Кнеж кивнул, будто тоже своим мыслям, а не моим словам.
— Как и далганты, только зовем мы их иначе — Молог и Гилас. А знаешь ты, Лют, что у Горьбога и Радо-матери было десять детей?
— Тьфу на тебя! — выкрикнул я возмущенно и сделал пальцами знак-оберег — что за бесовщина?! — Да как это Светлая Матерь могла с Черноголовым лечь? Думай, что говоришь!
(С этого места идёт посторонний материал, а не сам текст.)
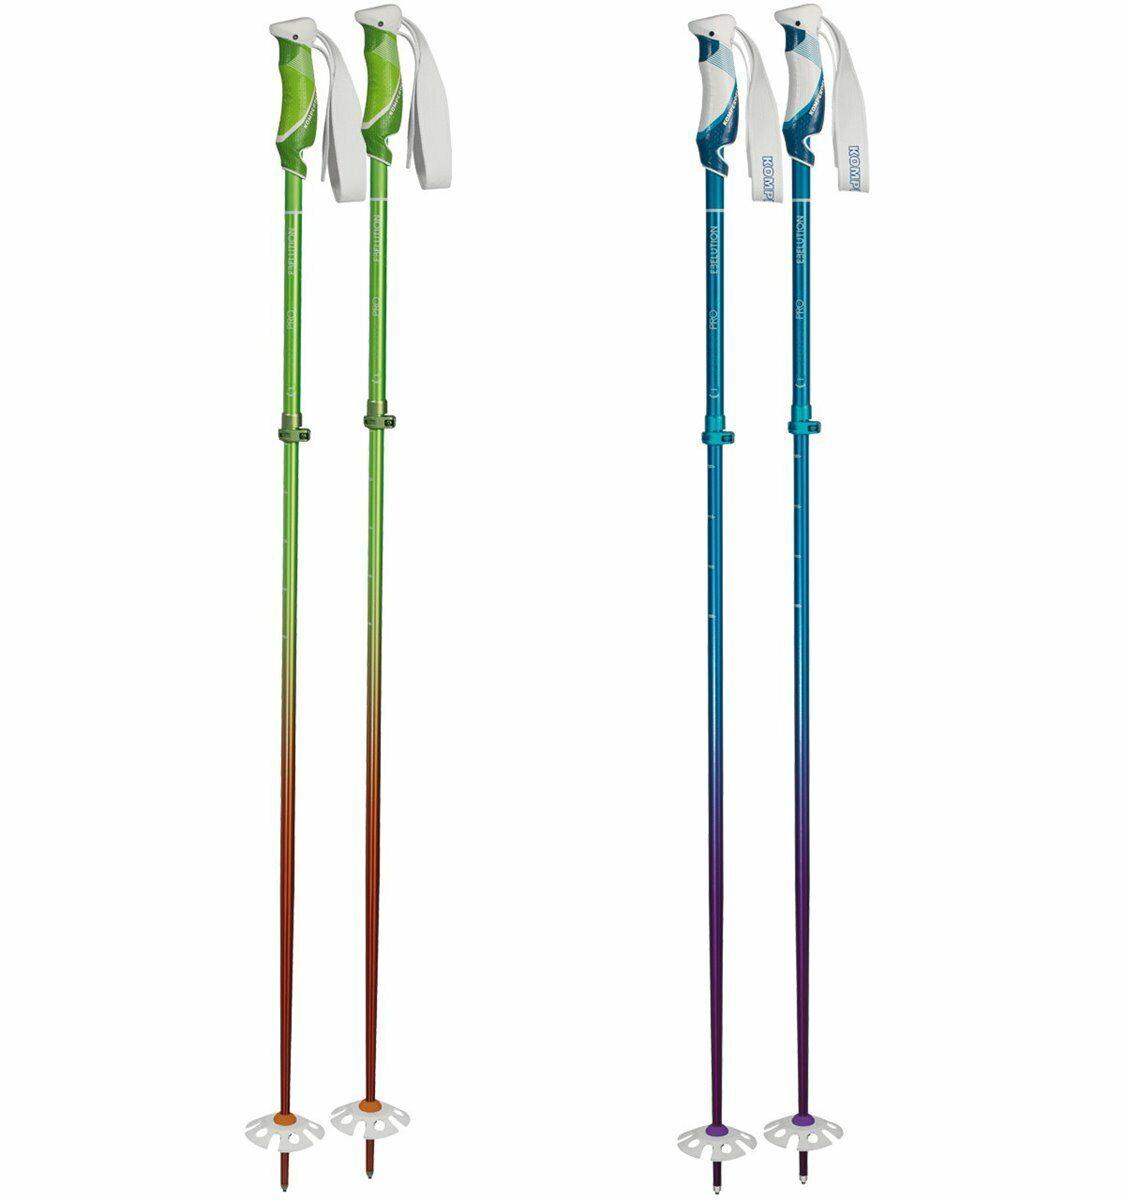 Komperdell Powder Pro Vario Ski Poles Bâtons de Réglable 105-135
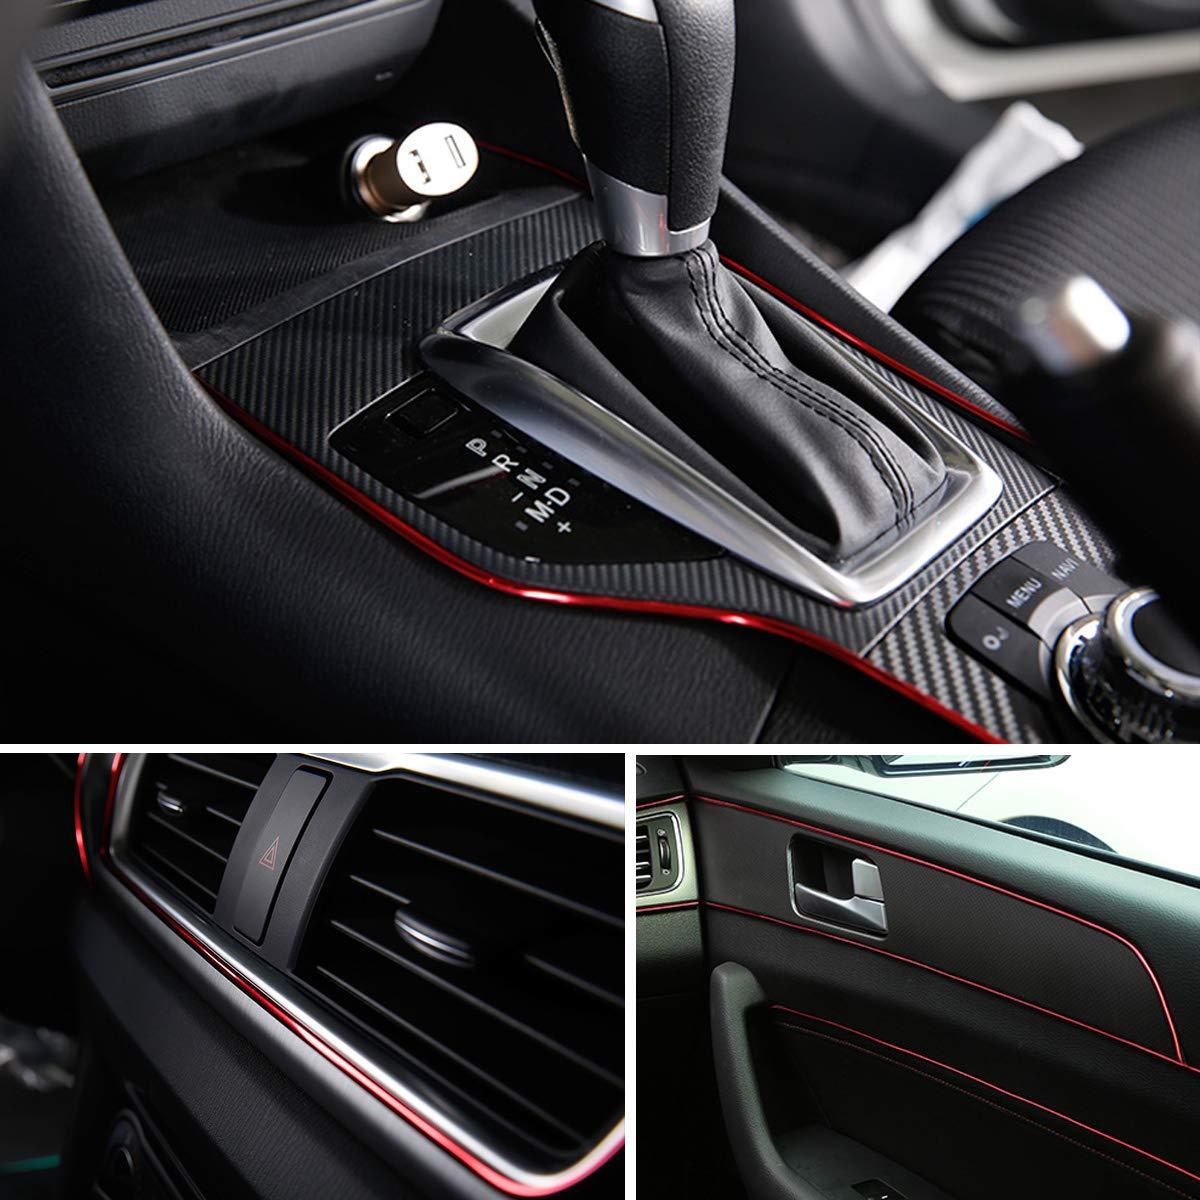 Electroplating Color Film Car Interior Exterior Decoration Moulding Trim Rubber Seal Protector Fit for Most Car Blue 16FT EJs SUPER CAR Car Interior Moulding Trim 5M

— А было, — сказал Среблян, словно и не слыша меня, — десять детей у них, все между собой близнецы. Пятеро добрые, материны дети, а пятеро злые, отцовы чада. Одну злую боги-ню-дочь звать по-бертански Яноной, а по-нашему будет — Янь-Горыня. Горыня — потому что в горе она живет. В этой самой горе.
И холодом на меня от его слов повеяло. Вот если б не холод этот — уши б заткнул и не слушал, а так понял: правду говорит кнеж. Водится тут, на Салхане, лють какая-то — я ее сразу почуял, еще на берег не ступив.
— Только о том, что она тут живет, далганты не знали. Спала она долго, а стук наших молотов ее разбудил, и озлилась она. Куда, говорит, добро мое выгребать? Пришли незваны, выкупа кровью не дали. Любит она кровь, да только кто же знал-то… Знали бы — напоили бы. Да поздно уж было. Осерчала Янь-Горыня. Вы, сказала, у меня украли — так и я вас об краду. Не будет, сказала, вовек потомства у всякого, кто ступит ногою на твердь, где покоится ложе мое, — на остров Салрадум. А если уплывет он и ступит на большую землю, то лишь три ночи проживет, а потом умрет жестокою смертью. А чтоб не жаловались на мою злобу да свою незавидную долю, сказала, никто из вас не сможет обо всем том ни словечка промолвить иначе, чем на этой земле. Кинула в нас ^нь-Го-рыня это проклятие и ушла в свою гору. Почернела в тот же час гора, изошла пеплом, и под этим пеплом скрылся Салрадум-град. Земля разверзлась и поглотила его, сгинул, словно и не стоял никогда.